El Turtle Beach Lodge
Un cartel redondeado, colgado de la rama de un árbol, indica el camino al hotel. Cuando atracamos en el muelle del complejo, observamos que todo son casitas de madera situadas entre los canales y el mar.
Dejamos los equipajes en los pequeños bungalows donde dormiremos, pero… ¡cielos! Al entrar vemos que las ventanas son simples bastidores de madera con telas mosquiteras, sin otra protección. Hace tanto bochorno que quizá es la única forma de combatir el calor y la humedad, pero la ausencia de cristales nos inquieta un poco.
Entre la comida y la cena –un bufet casi idéntico, con ensaladas muy limitadas y donde se repiten el arroz, los frijoles, el pollo– paseamos por una larga playa que se asoma a un embravecido Mar Caribe. La imagen que ofrece se aleja de las idílicas postales que venden las agencias de viaje (sol, arena dorada y suaves olas): grandes olas, con una fuerte resaca que se intuye, y nubes amenazadoras sobre nuestras cabezas no invitan para nada a bañarse. Además, los guías han explicado que la fauna marina de la zona no hace aconsejable el baño y el aviso surge su efecto, aunque algún valiente lo hace y asegura que el agua está calentita.
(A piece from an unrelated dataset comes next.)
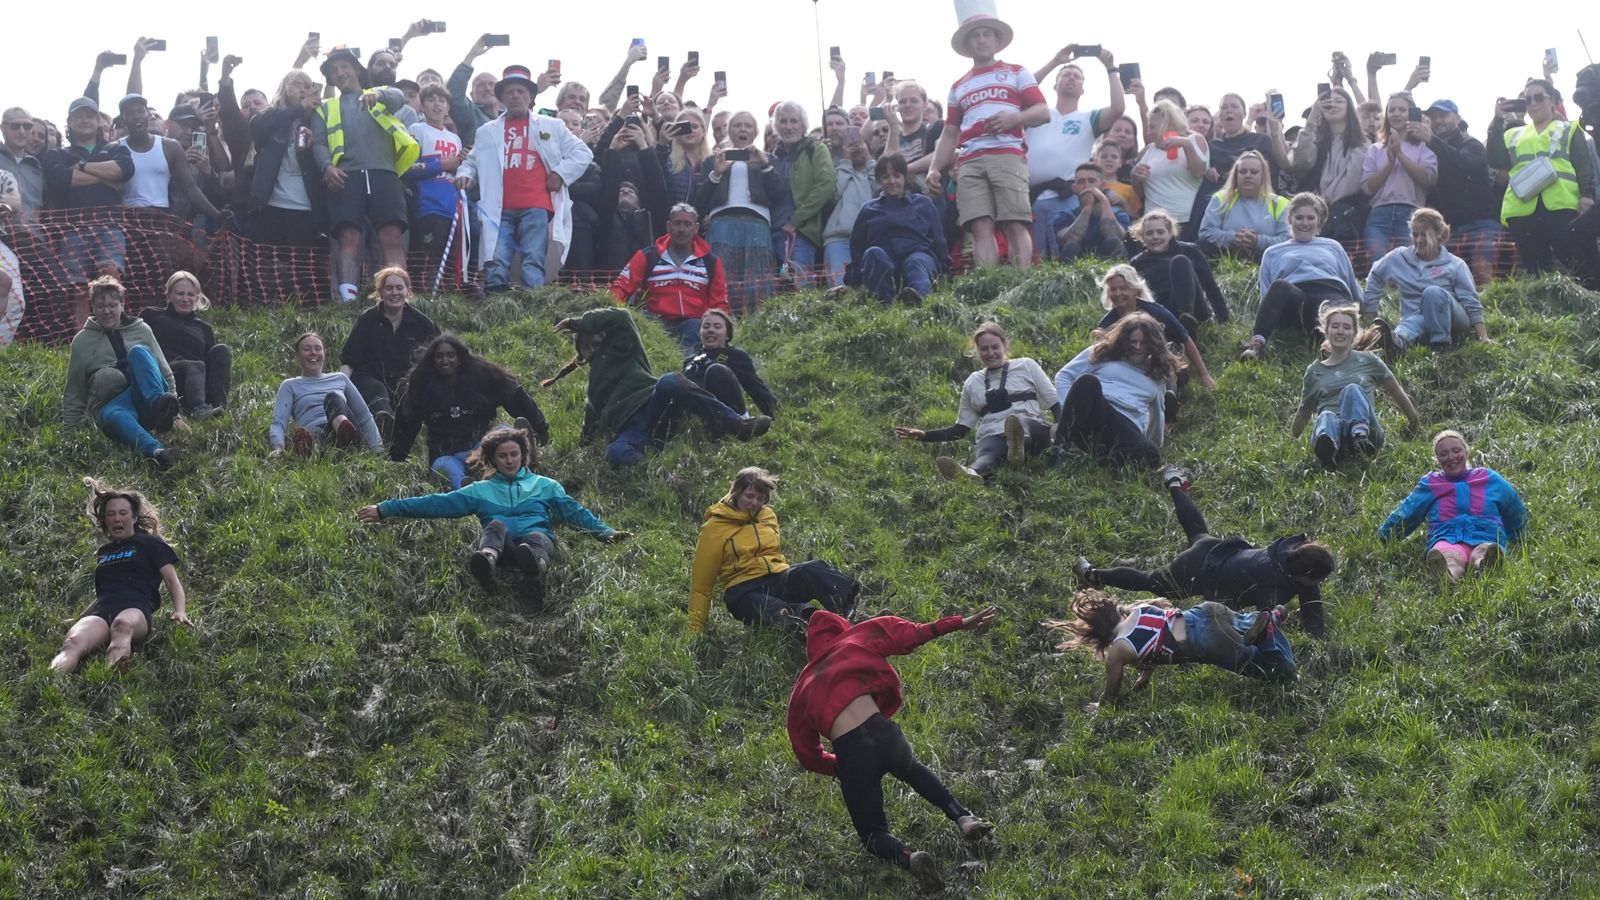 Cheese rolling: Dairy-loving daredevils descend on Cooper's Hill in Gloucestershire for annual race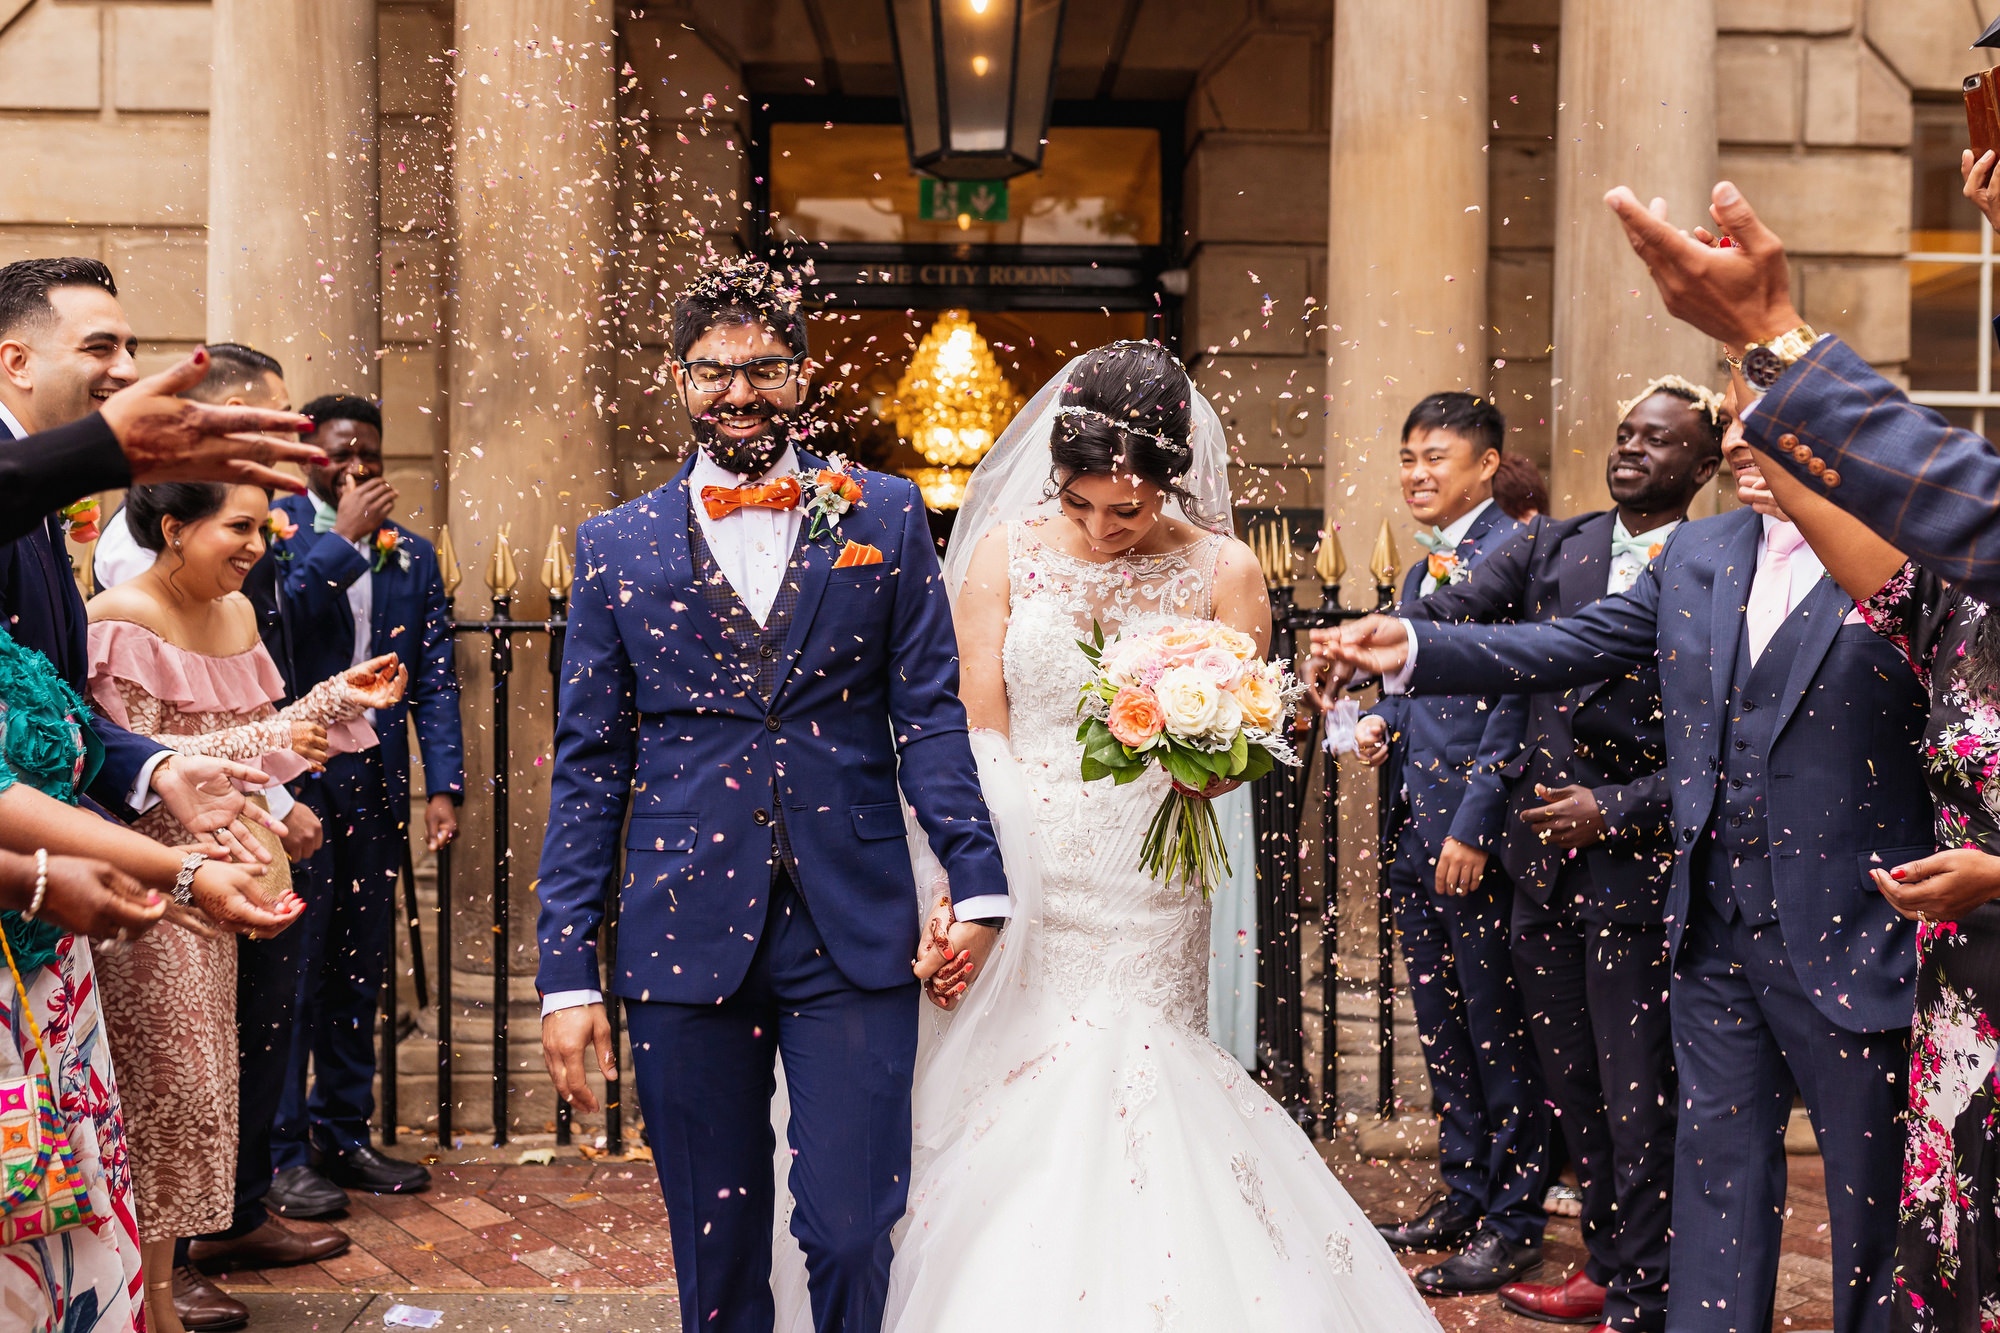 The City Rooms, Leicester, Documentary Wedding Photographer, confetti

Playa del hotel Turtle Beach Lodge, en Tortuguero

El Caribe

Pensándolo bien, quizá sí haya algo en la playa que recuerde las famosas postales: la espesa vegetación, sobre todo palmeras y cocos, se acerca hasta la arena y deja unos pocos metros hasta el agua para poder pasear por una arena oscura, llena de troncos secos que el mar ha arrojado a la costa. Los gritos de unos monos aulladores nos recuerdan que estamos en plena selva. Esta noche los oiremos saltar a pocos metros de nuestra habitación.
La amplitud y belleza de los jardines que rodean los edificios centrales hacen que seamos cautos con los insectos. Por eso aquí detallamos un consejo que ofrecemos a todos los viajeros que vayan a este tipo de destinos: antes de salir a cenar, rociamos con un aerosol (lo sentimos por la capa de ozono, pero una picada es una picada) el interior de la habitación y dejamos instalado un enchufe anti-mosquitos. Y al volver, antes de encender la luz, entramos con rapidez y luego la encendemos. Ponemos algo en el suelo, taponando la rendija de separación entre puerta y tierra, y tenemos asegurado un alto porcentaje de ausencia de picadas nocturnas. Nosotros nos salvamos. Hubo quien apareció acribillado a la mañana siguiente.